Весной вечера нередко бывают холодными и сырыми, и хотя весь день с самого утра держалась ясная и солнечная погода, однако на закате похолодало и землю прихватило изморозью; в сумерки серебристый иней покрыл первую траву и набухшие почки, побелил площадку перед Брайермейнсом – жилищем мистера Йорка – и прихватил нежные ростки в саду и на бархатистой лужайке. Что до могучего дерева, осенявшего своими раскидистыми ветвями дом, то оно, казалось, ничуть не страшилось заморозков, – да и что могло сделаться его голым сучьям! Так же гордо держалась еще не одевшаяся листвой ореховая рощица, высоко поднявшая свои вершины за домом.
Окна дома ярко светили во мгле безлунного, хотя и звездного вечера. Место здесь не было ни мрачным, ни уединенным, ни даже тихим. Дом стоял у проезжей дороги, но выстроен он был в старину, когда этой дороги еще не было, и в те времена к нему вела лишь извилистая тропинка среди полей. Не далее мили отсюда лежал Брайерфилд, – его шум ясно слышался здесь, и виднелись его огни. Поблизости возвышалась методистская молельня – большой, суровый, сумрачный дом; несмотря на поздний час, в его стенах шло молитвенное собрание, из окон падали на дорогу полосы света, и диковинные псалмы, от которых самый мрачный из квакеров способен был бы пуститься в пляс, будили веселое эхо в окрестностях. Из дома доносились отдельные фразы: вот несколько отрывков из различных псалмов, ибо поющие с необычайной легкостью переходили от гимна к гимну, от напева к напеву.
Кто объяснит
Смысл жизни сей?
Голод томит,
Войны все злей,
Смуты терзают,
Горе гнетет,
Но все возвещает
Иисуса приход!
Наша судьба –
Бой без пощады.
Кровь и борьба –
Смелых отрада.
Время ль укорам?
Все мы умрем,
Сраженные мором,
Огнем и мечом!
Тут пение внезапно сменилось молитвой, выкрикиваемой в полный голос, и ужасающими стонами; одинокий вопль: «Я обрел свободу! Дод О’Биллс обрел свободу!» – разнесся далеко вокруг, и в ответ снова грянул хор.
Милость так высока!
Благость так велика!
Сколь я счастлив, не в силах сказать!
Как овечки в стада,
Собрались мы сюда,
Жизнь и гибель готовы принять.
Славословить Христа
Не устанут уста!
За великое счастье почту
Божий стяг поднимать
И везде прославлять
Неземную Его доброту.
Нас Господь возлюбил,
Труд наш благословил;
Словно пастырь, сзывает нас Он!
Отовсюду сошлись,
Струи в реки слились,
И, смотри, стало нас легион!
Что собрало всех нас?
Может, ангельский глас?
Нет!
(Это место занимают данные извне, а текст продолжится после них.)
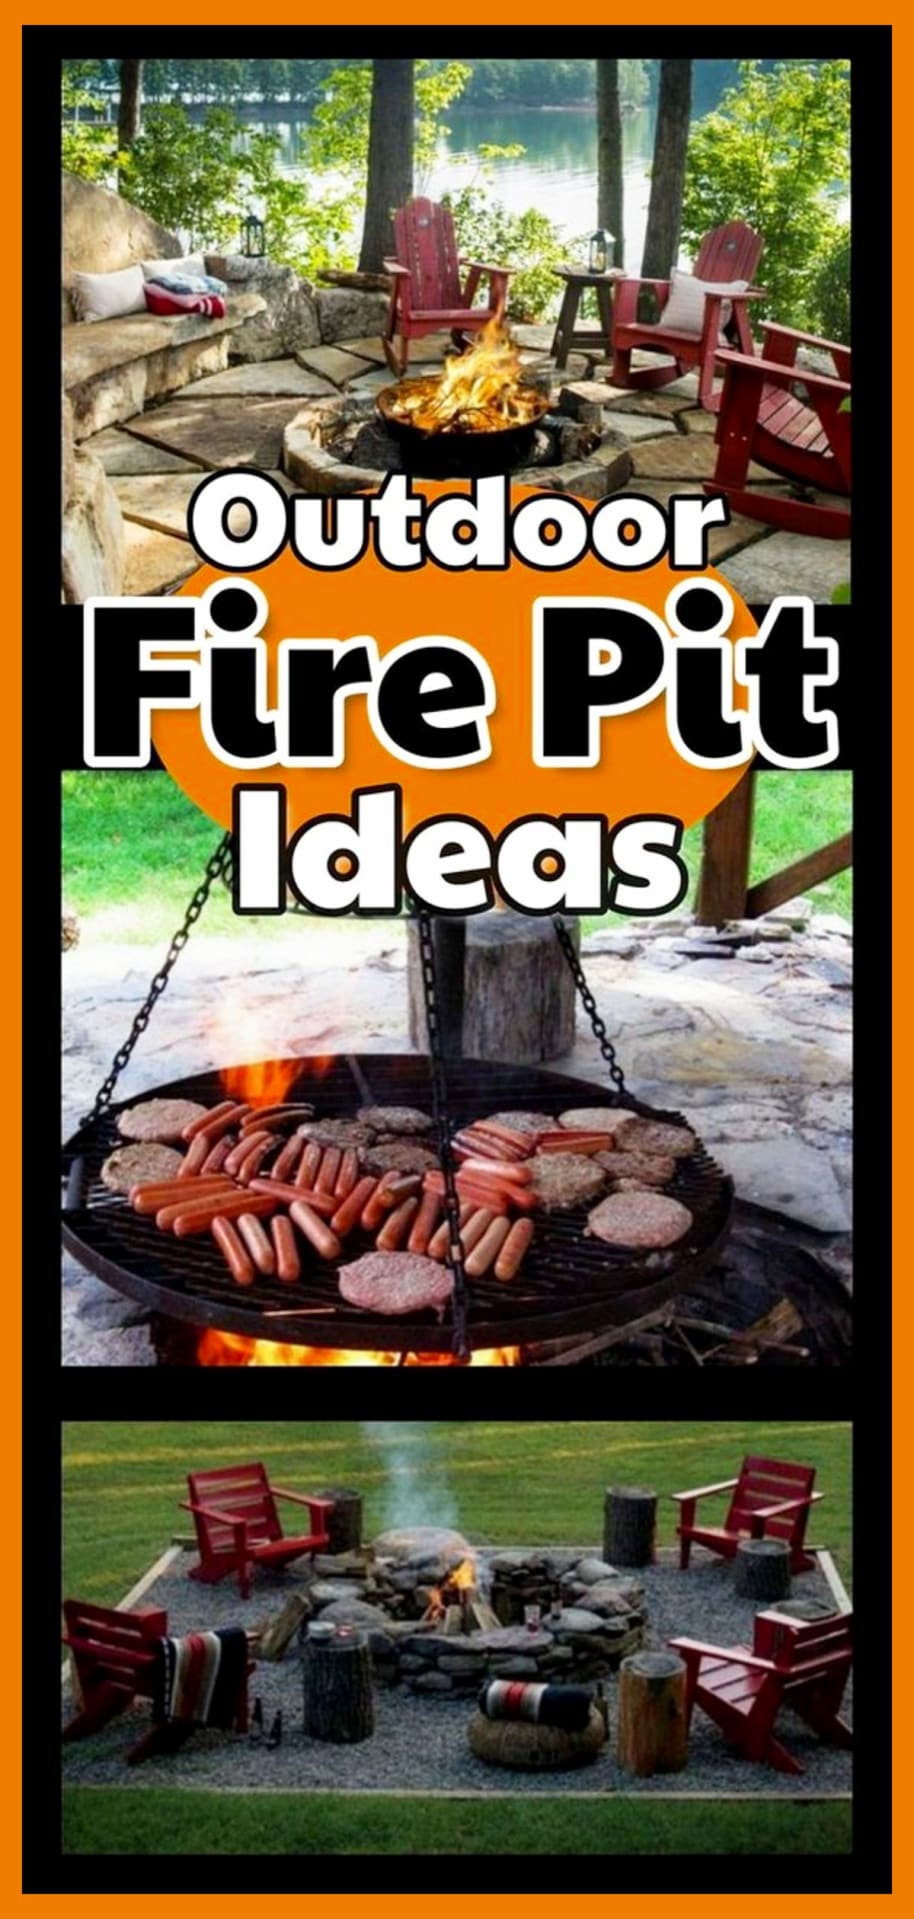 Fire pit ideas - Backyard fire pit ideas on a budget - cheap and easy DIY fire pit designs, seating and more ideas for your own backyard fire pit
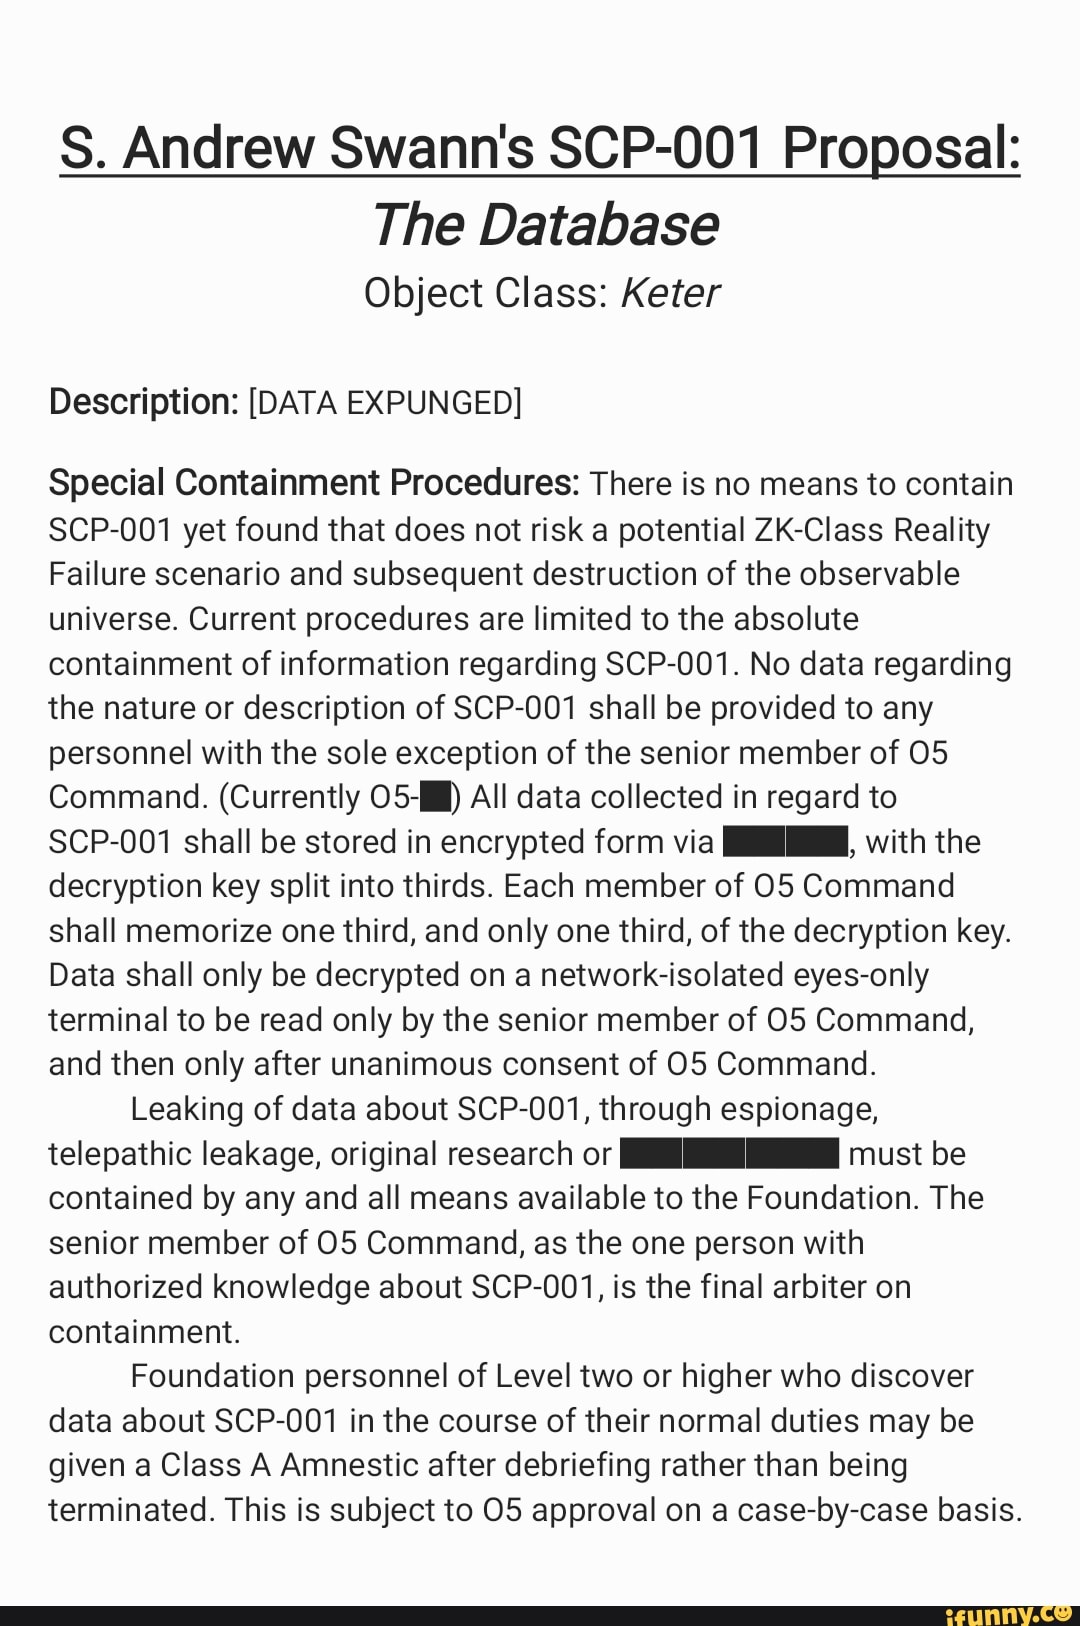 SCP-001 - The Database  SCP 001 is a Keter Class anomaly also known as The  Database. There is no means to contain SCP-001 yet found that does not risk  a potential

Сошлись мы сюда для того,
Чтобы дух наш воскрес,
Чтобы с хором небес
Славить Бога и агнца Его!
Снова раздались восклицания, вопли, неистовые выкрики, мучительные стоны, затем с предельным воодушевлением и страстью были пропеты следующие строфы:
Днем и ночью, каждый час
Ад подстерегает нас,
И от дьявольских тенет
Только вера нас спасет!
Даже в логовище льва
Вера в Господа жива,
Даже через море вброд
Нас Христос перенесет!
Последняя строфа прозвучала душераздирающим визгом:
В очистительном огне
Славим Господа вдвойне;
Выше пламя, громче глас:
Не покинь, Всевышний, нас!
И крыша не взлетела на воздух от этих воплей, что как нельзя более красноречиво свидетельствовало о ее прочности.
В Брайермейнсе тоже царило оживление, хотя, конечно, куда более умеренное, чем в молельне. Кое-где в окнах нижнего этажа, выходивших на лужайку, виднелся свет; спущенные занавеси скрывали от посторонних взоров ярко освещенные комнаты, но не совсем заглушали звуки голосов и смеха. Что ж, воспользуемся возможностью войти туда, проникнуть в святая святых этого дома.
В жилище мистера Йорка так весело сейчас вовсе не потому, что туда съехались гости. Нет, там никого не видно, кроме его домашних, и все они собрались в самой дальней комнате правого крыла, в небольшой гостиной, отведенной для вечернего досуга.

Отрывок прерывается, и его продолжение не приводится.